BİR KENTTEN, SAHTE CENNET YARATMAK

BİR KENTTEN, SAHTE CENNET YARATMAK

 

Ekim’in, kasvete çalan bu pazar sabahında oturmuş balkonda çay içiyorum. Ne hikmetse pazar günleri erken kalkmak bende bir alışkanlık oldu. Artık yeşilini kaybetmeye başlayan çiçeklere gelen kumruların ürkek ürkek bakışları, belli belirsiz gelen çocuk sesleri, arka planda Dario Moreno

Serinlik ve sessizlik, enginlik ve dinginlik zamanlarımda en fazla yaşadığım kenti düşünürüm. Çelişkilerin Başkenti, faydasız ilişkilerin öbeği. Şişmanı zayıf, kısayı uzun gösteren sirk aynalarının adı konulmamış fenomeni, maskeli balo geçidi…

Az sayıdaki mutlu azınlığın çizdiği arsızlık tablosuna, şirinlik muskası gibi asılmak istendiğimiz, çok sayıda mutsuzun, “mış” gibi yaptığı; bazı şeylerin haddinden fazla gerçek, bazılarının anlatılamayacak kadar kirli olduğu bu ergen metropole takılır kafam!

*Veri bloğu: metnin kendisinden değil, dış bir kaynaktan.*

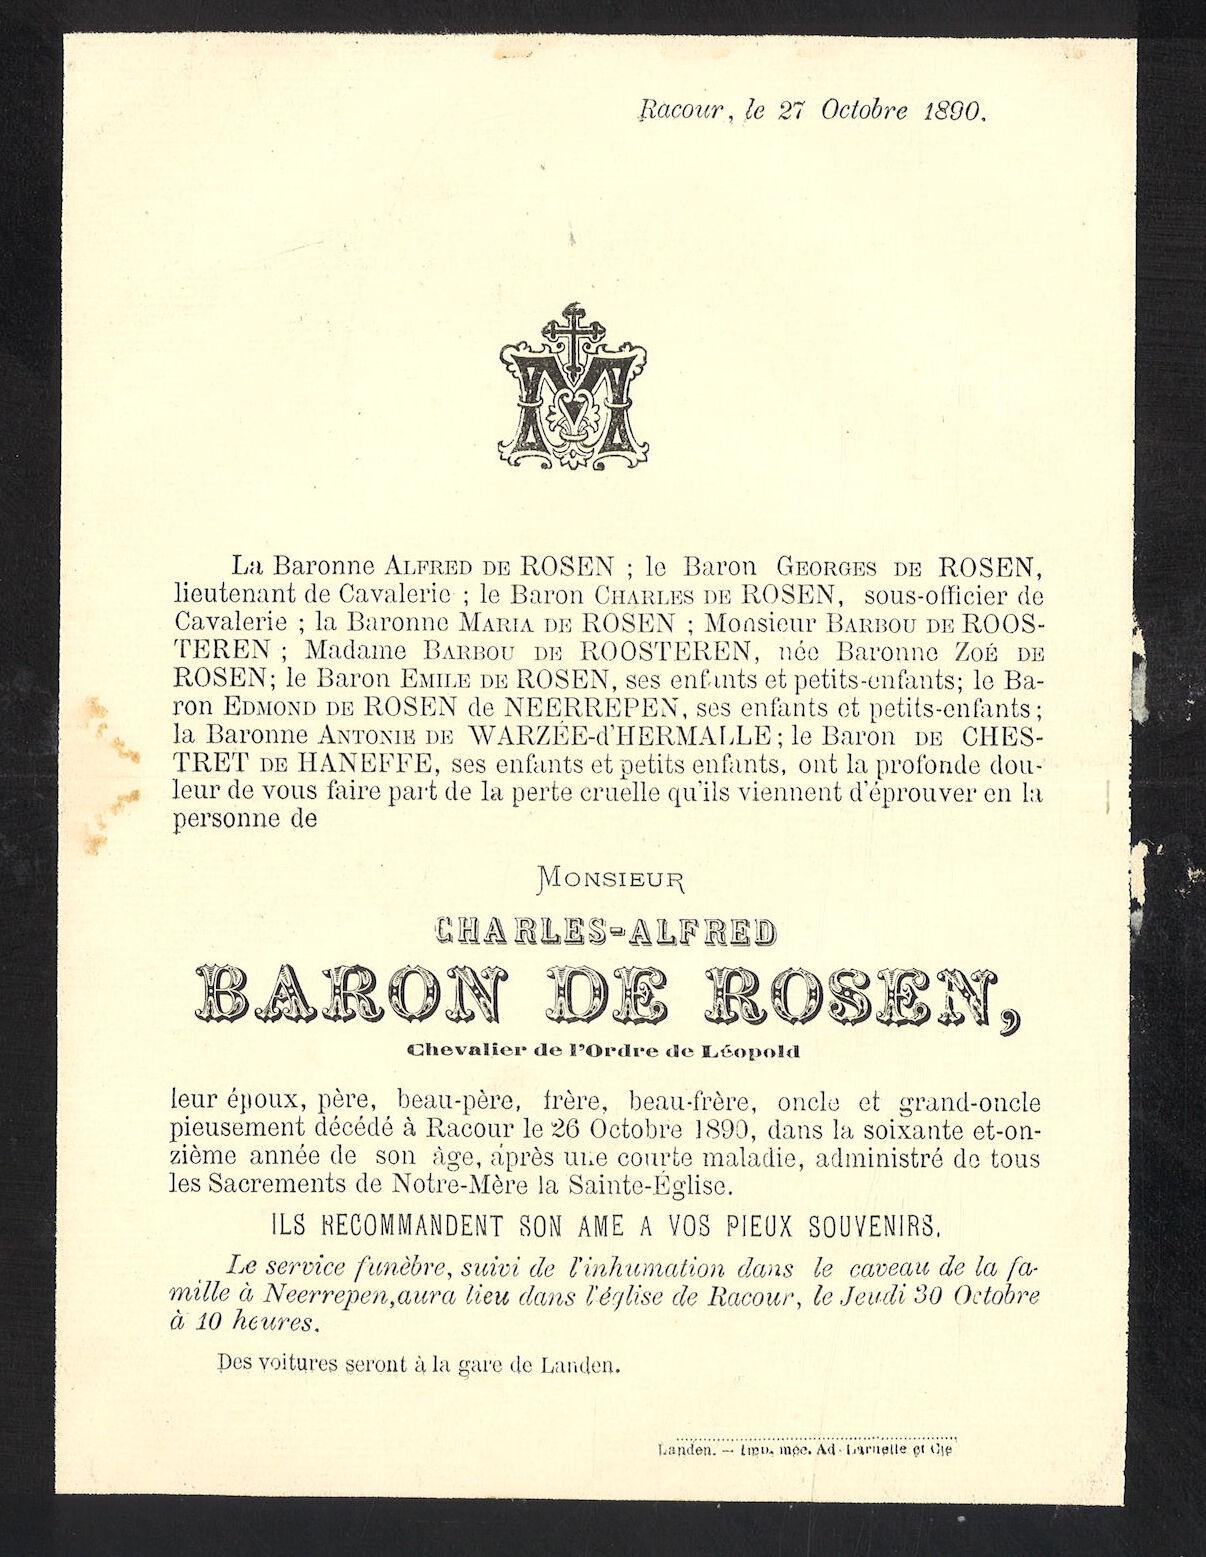 Charles-Alfred de Rosen

‘Tantalos İşkencesi’ ile yaşayıp giden sessiz yığınları yönetmek için, her sabah yeni bir “model” yaratma çabasının alkışlanmasındaki eller değildir patlayan…Su toplayan ve irinlenen aklımız, kalbimizdir oysa…

Yöneten mi kafasını kuma gömmüştür, yoksa yönetilen mi?

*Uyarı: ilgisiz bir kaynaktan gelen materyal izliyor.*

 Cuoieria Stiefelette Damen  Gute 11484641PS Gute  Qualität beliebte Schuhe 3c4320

Sahte cennet yaratmak bir talep midir, yoksa dayatma mıdır

Senin, emeksiz mutluluğun mudur, acaba beni mutsuz eden?

Bir dolu çetrefilli ama susularak cevap verilen kelimesizliğin kentidir burası biraz da!

“Dario Moreno” dedim değil mi?

Sokak çalgıcısı gençleri, zabıtanın horlayıp kovduğu bu mahallede, biteviye o cıvıltılı seslere  “şuur aşılama ve  maneviyat” etkinlikleri yapılır sanki biz şuursuz anne-babalarız gibi!

Mesela:

Fıstığın, sabunun, mozaiğin, bakırın, camın, hamamın müzesini barındırdık ama bir kibir ve boş övünç müzesi kuramadık ki bize yazıklar olsun (!)

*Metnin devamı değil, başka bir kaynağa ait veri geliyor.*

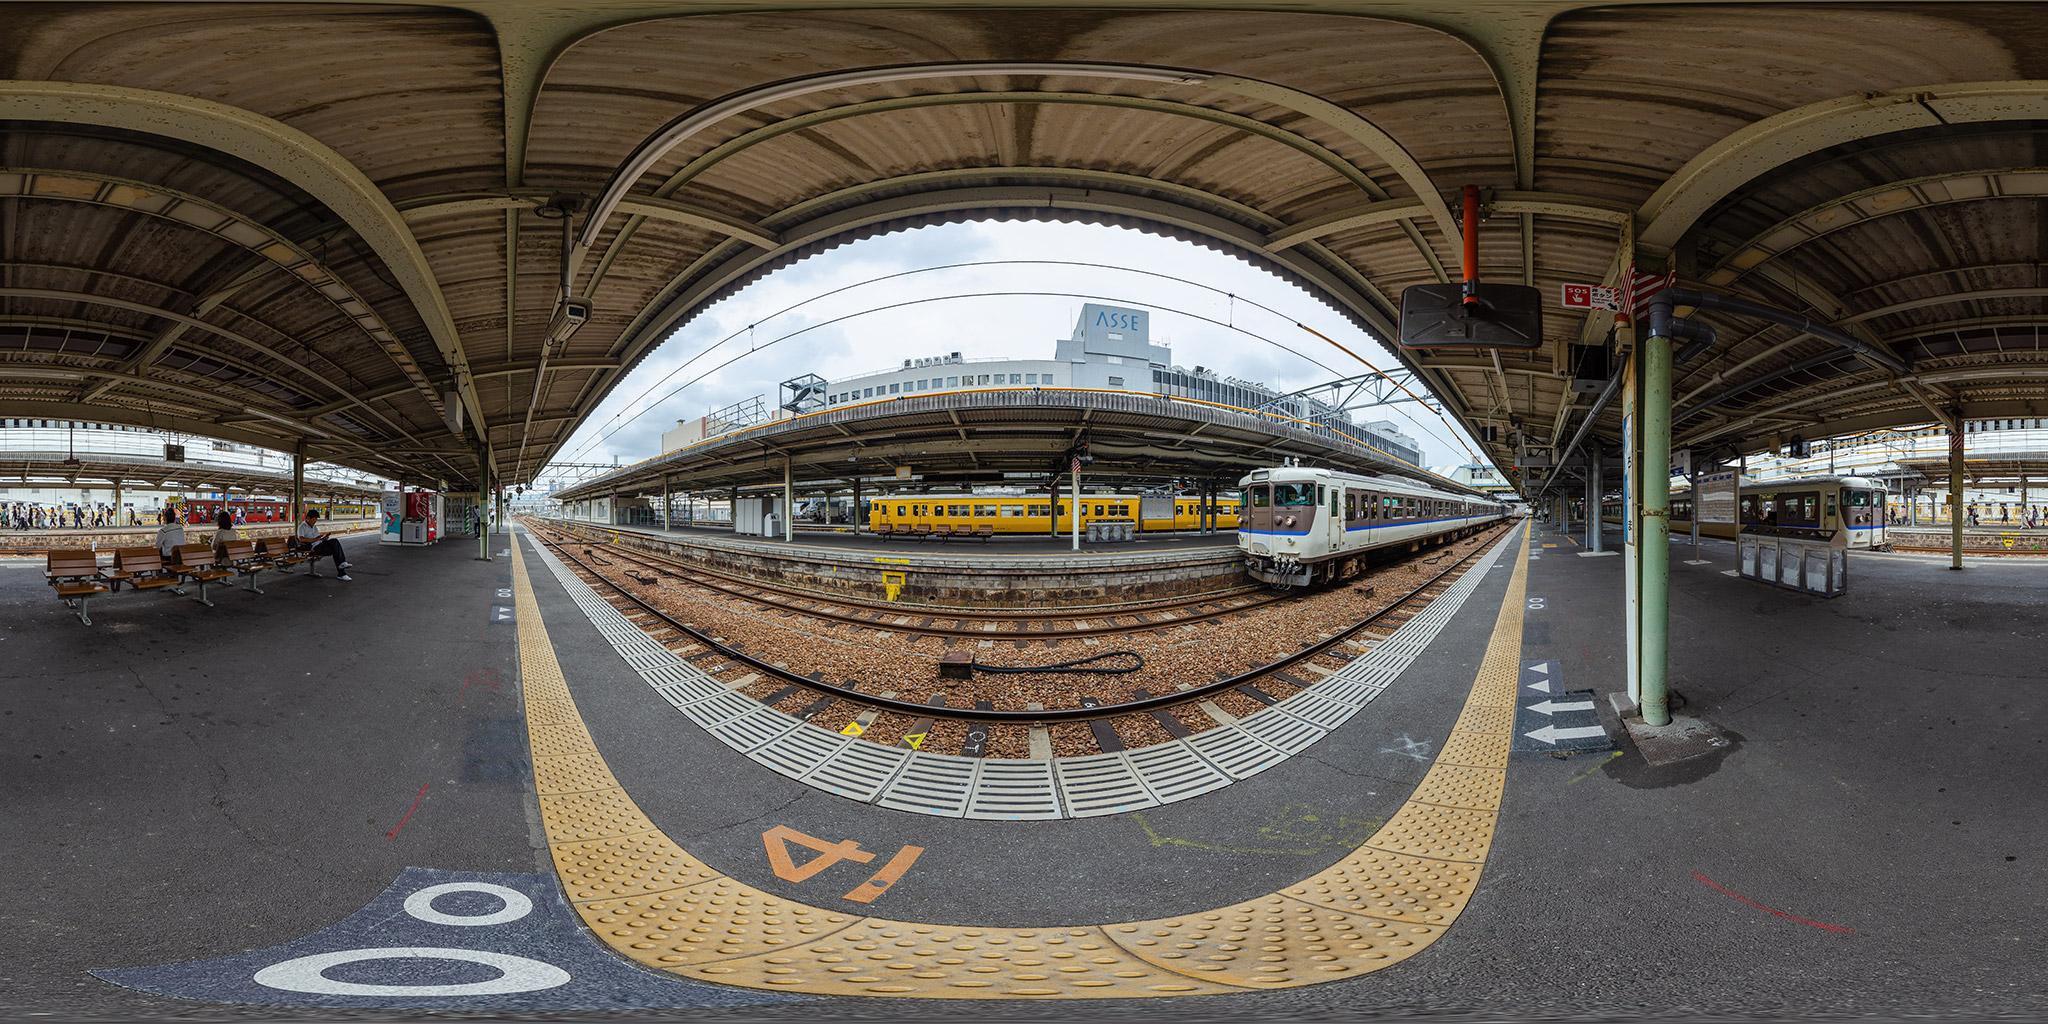 広島駅に並ぶ山陽本線と呉線の113系、115系

İspanya’da Bilbao kenti, müzesi sayesinde yılda 20 milyona yakın turist ağırlarken, biz halen Hayvanat Bahçesine gelen ziyaretçi sayısı övünüyoruz…

Bana 5 tane estetik bina sayamazsınız. Buna Kültür Müdürlüğü İl Binası dahil…

Bey Mahallesi’ni, göstermelik muhafazakarlık nedeni ile bir Odunpazarı, Amasra Evleri gibi cazibe merkezi haline getiremiyoruz.

Yeşilsu, Kırkayak Kahvesi, Nil Kahvesi birer nostaljiden ibaret şimdilerde…

Tahmis Kahvesi’nin bile genetiği ile oynandı! Nerede o eski müdavimler, o eski sıcaklık?

Voyvoda kazığının, yazarkasa yanında hazır bekletildiği kafe saçmalığı aldı başını yürüyor…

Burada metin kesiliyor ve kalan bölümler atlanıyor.